SCHIZOPHRENIA: He’s a Rhodes Scholar, and a graduate of Stanford, Oxford, and Harvard Medical School. He’s also a Pulitzer Prize winner, an assistant professor of medicine at Columbia, and a prominent cancer researcher. Even with all those stellar credentials and accomplishment, Siddartha Mukherjee writes in the New Yorker about the lifetime of stigma that has haunted him and his family due to its many members with mental illness, specifically schizophrenia. The author, poignantly and artfully, takes a reader into his family’s troubled past, including ugly spats between his father and grandmother over her sheltering a mentally ill uncle. As he treks across continents following his diasporan kin, he also traces how two internationally renowned genetic researchers ended up near each other in Boston. They are, he says, making key findings about fundamental errors that occur at the gene level and appear to play a key role in schizophrenia, explaining its hereditary nature and its common onset in early adulthood.

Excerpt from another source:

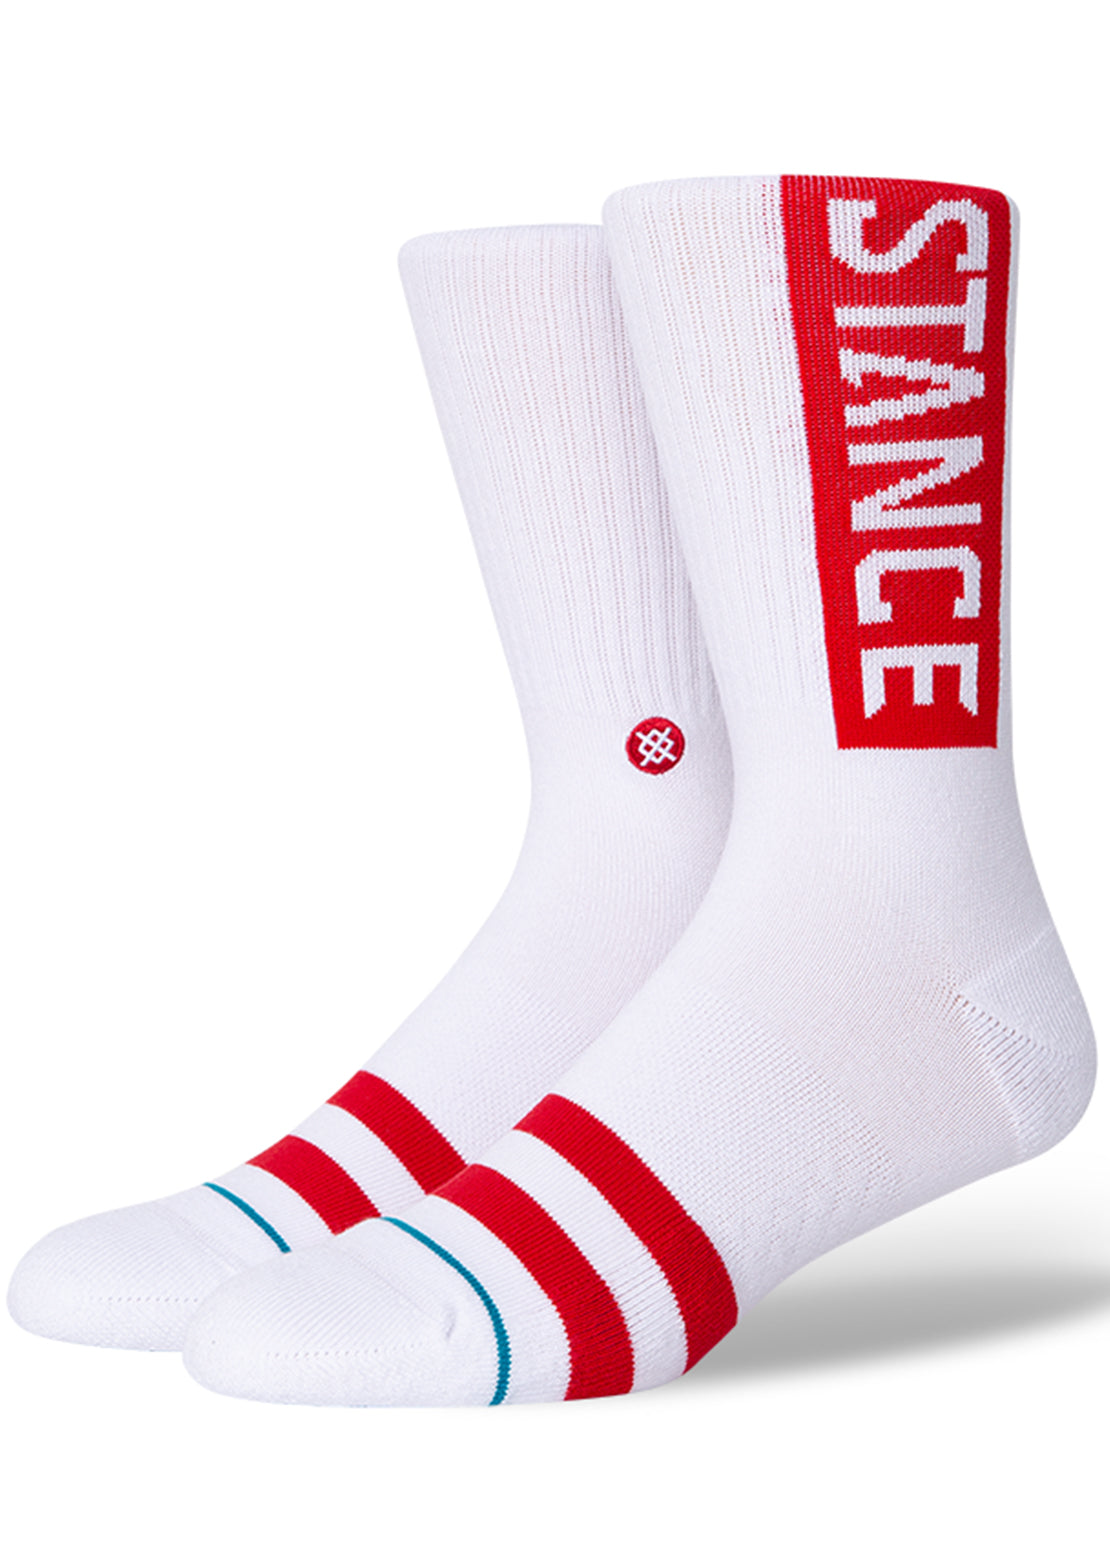 Stance Unisex Staples OG Socks White/Red

BIG PHARMA’S HYPE: It’s great to see long-form, investigative reporting finding new homes online, especially as traditional media like newspapers continue to decline. It’s also intriguing to see a detailed dissection of Big Pharma’s expensive, sophisticated marketing, aimed as a piece on the Huffington Post’s Highline section describes it, to get Americans to buy “Drugs You Don’t Need for Disorders You Don’t Have.” The author drills down on a pricey sleep medication, which regulators told the maker it needed for safety’s sake to sell in smaller doses. That wasn’t helpful to the company, because it also undercut the effectiveness of the drug, which was seeking market share in a highly competitive niche where there already were cheaper, just as effective options. So what? the maker said. It turned to a $96-million advertising campaign, much of it fuzzy and promoting peaceful sleep as much as the drug so as to get around existing restrictions on ads’ truthfulness. The approach appears to working, as the med is expected to bring in $300 million in revenue and become a market leader─this despite, quoting another headline on a story about why consumers should skip it: “It’s expensive, barely helps, and poses safety concerns.” I’ve written about why big budget advertising and marketing campaigns by Big Pharma and hospitals and medical centers is creating great concern by health care experts.